ACTION ITEM:
Would you return every entry below without a single difference?

Dataset records

◇ ◇ ◇ ◇ ◇

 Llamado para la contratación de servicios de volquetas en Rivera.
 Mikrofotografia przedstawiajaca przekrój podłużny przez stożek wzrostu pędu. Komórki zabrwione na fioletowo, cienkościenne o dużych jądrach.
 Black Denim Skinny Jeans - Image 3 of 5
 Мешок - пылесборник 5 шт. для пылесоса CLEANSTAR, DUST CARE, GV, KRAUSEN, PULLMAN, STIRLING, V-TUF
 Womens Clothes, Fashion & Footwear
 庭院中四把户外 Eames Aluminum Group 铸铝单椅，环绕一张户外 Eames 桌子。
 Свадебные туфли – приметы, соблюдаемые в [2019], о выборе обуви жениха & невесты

◇ ◇ ◇ ◇ ◇

WRITTEN RESPONSE:
 Llamado para la contratación de servicios de volquetas en Rivera.
 Mikrofotografia przedstawiajaca przekrój podłużny przez stożek wzrostu pędu. Komórki zabrwione na fioletowo, cienkościenne o dużych jądrach.
 Black Denim Skinny Jeans - Image 3 of 5
 Мешок - пылесборник 5 шт. для пылесоса CLEANSTAR, DUST CARE, GV, KRAUSEN, PULLMAN, STIRLING, V-TUF
 Womens Clothes, Fashion & Footwear
 庭院中四把户外 Eames Aluminum Group 铸铝单椅，环绕一张户外 Eames 桌子。
 Свадебные туфли – приметы, соблюдаемые в [2019], о выборе обуви жениха & невесты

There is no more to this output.